++++ Data block ++++

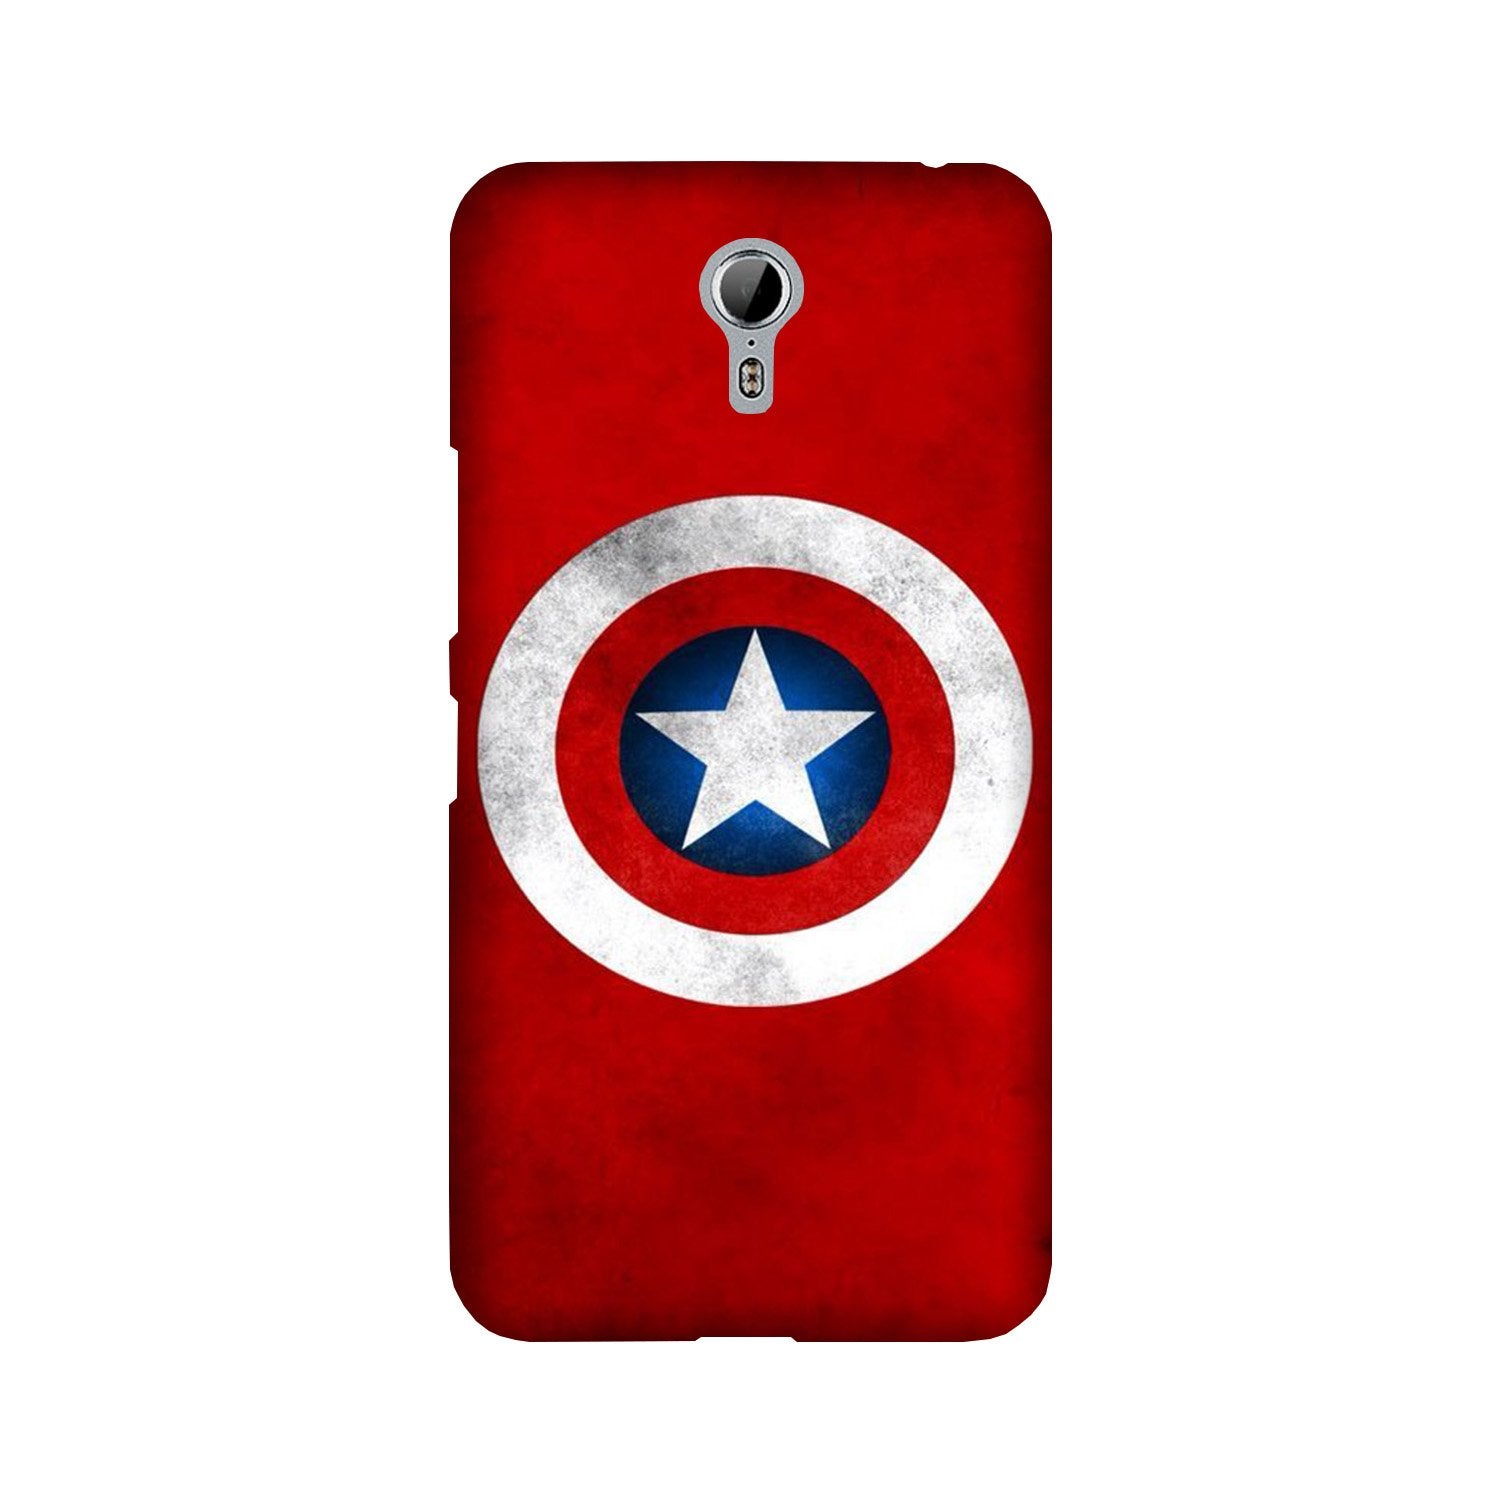 Captain America Case for Lenovo Zuk Z1 (Design No. 249)
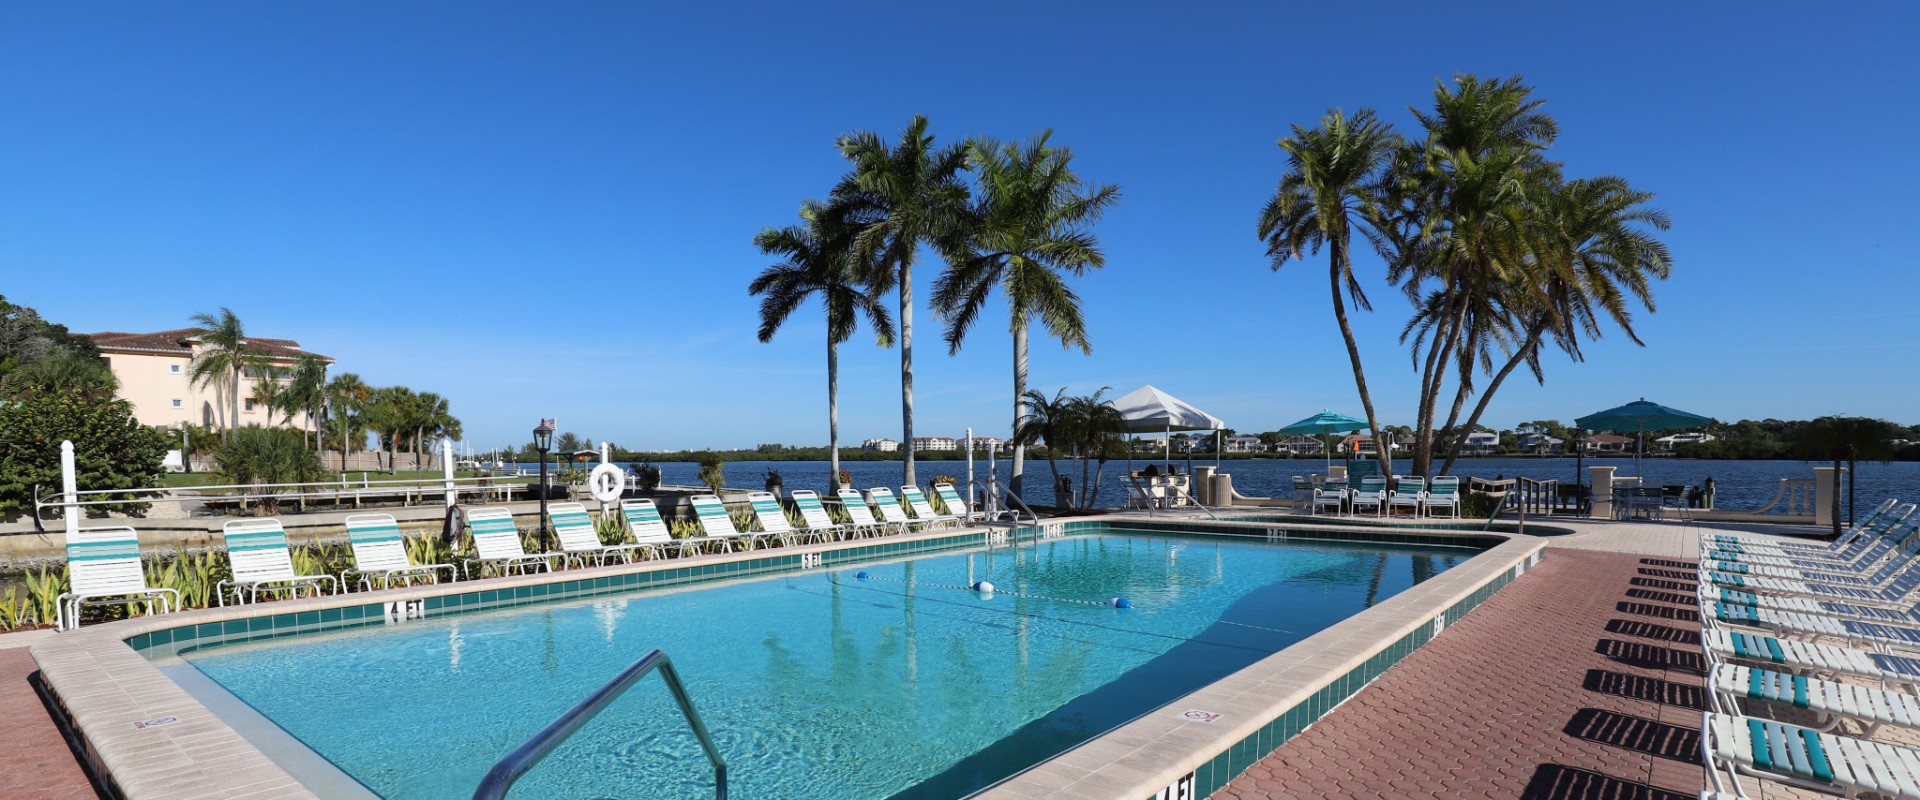 Siesta Key Beachfront Hotel Resort | The Palm Bay Club Siesta Key
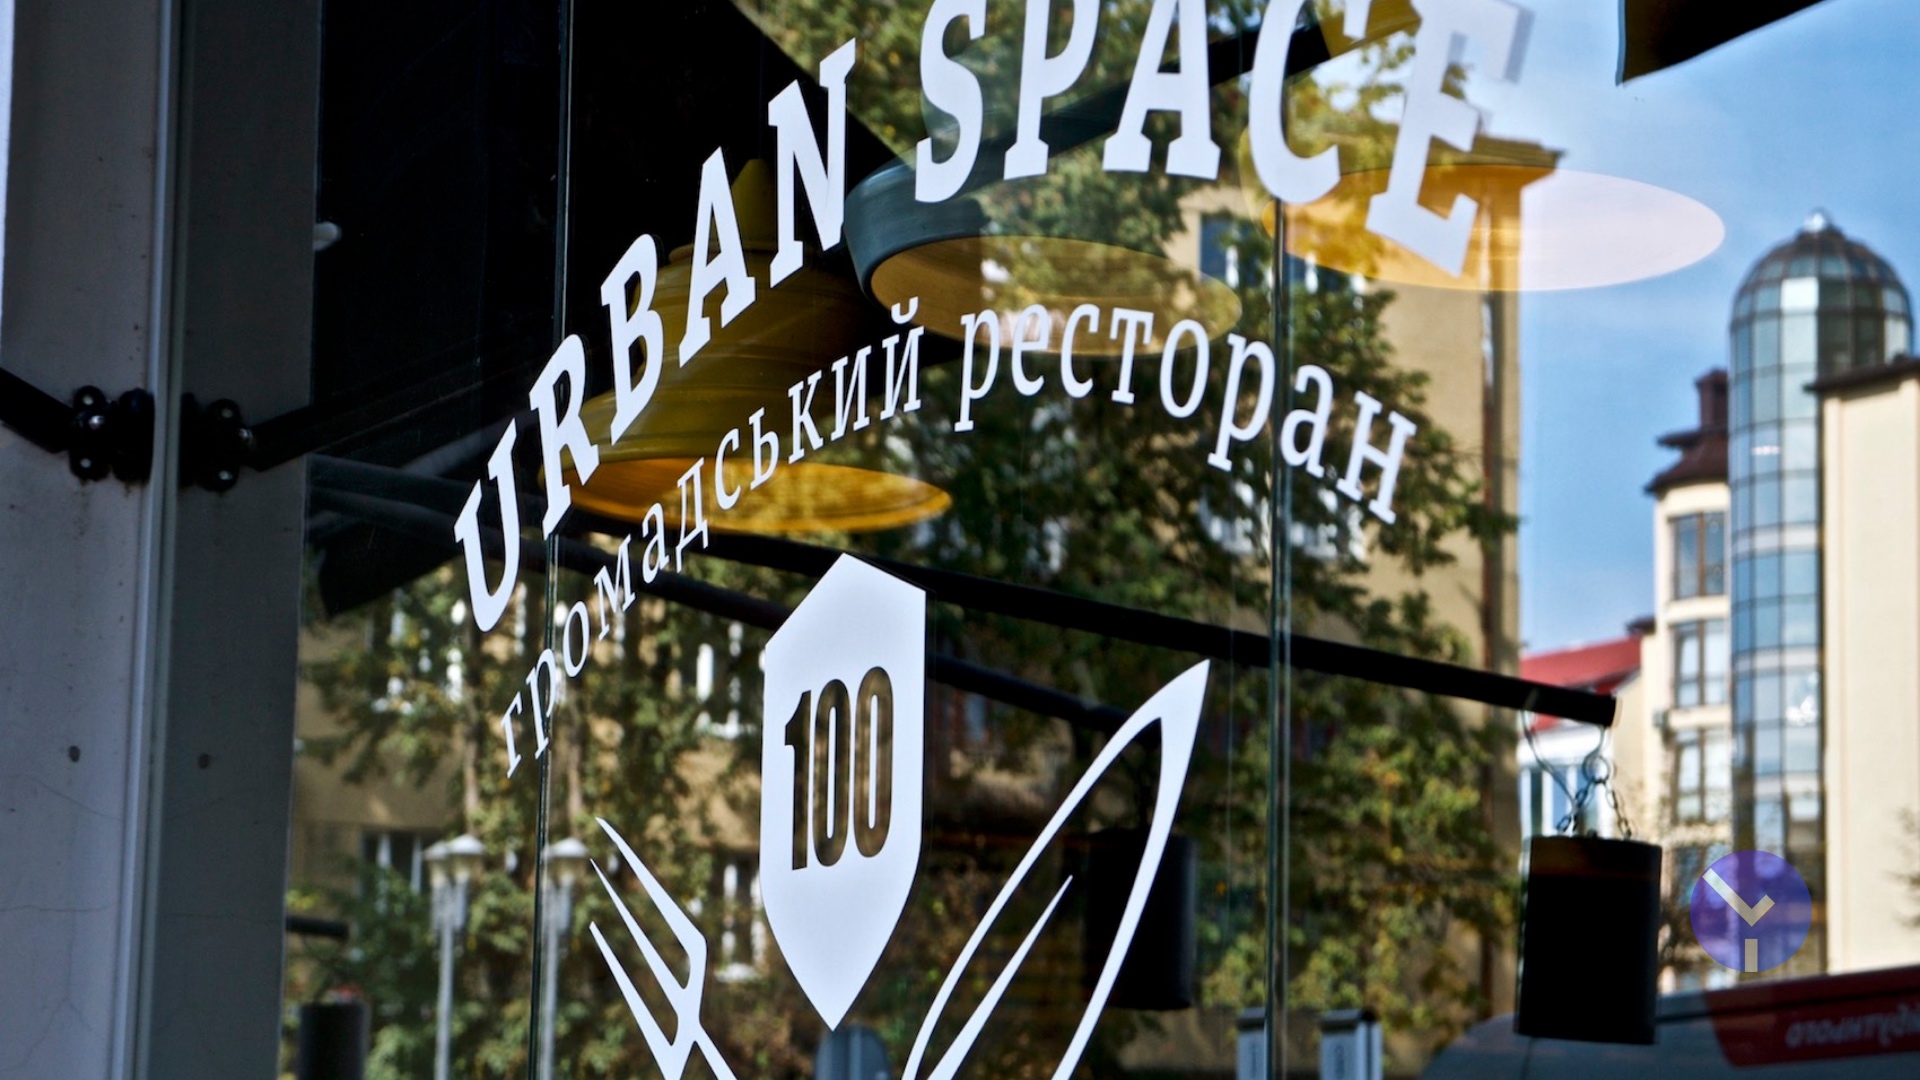 Ідея, ресторан, радіостанція, зміна сенсів — що таке Urban Space

++++

- [Description of the task]
Make an exact copy of the lines from the one holding "Siesta Key Beachfront" through the end of the material, both ends included, and keep the pictures out of it.

- [Worked solution]
 Siesta Key Beachfront Hotel Resort | The Palm Bay Club Siesta Key
 Ідея, ресторан, радіостанція, зміна сенсів — що таке Urban Space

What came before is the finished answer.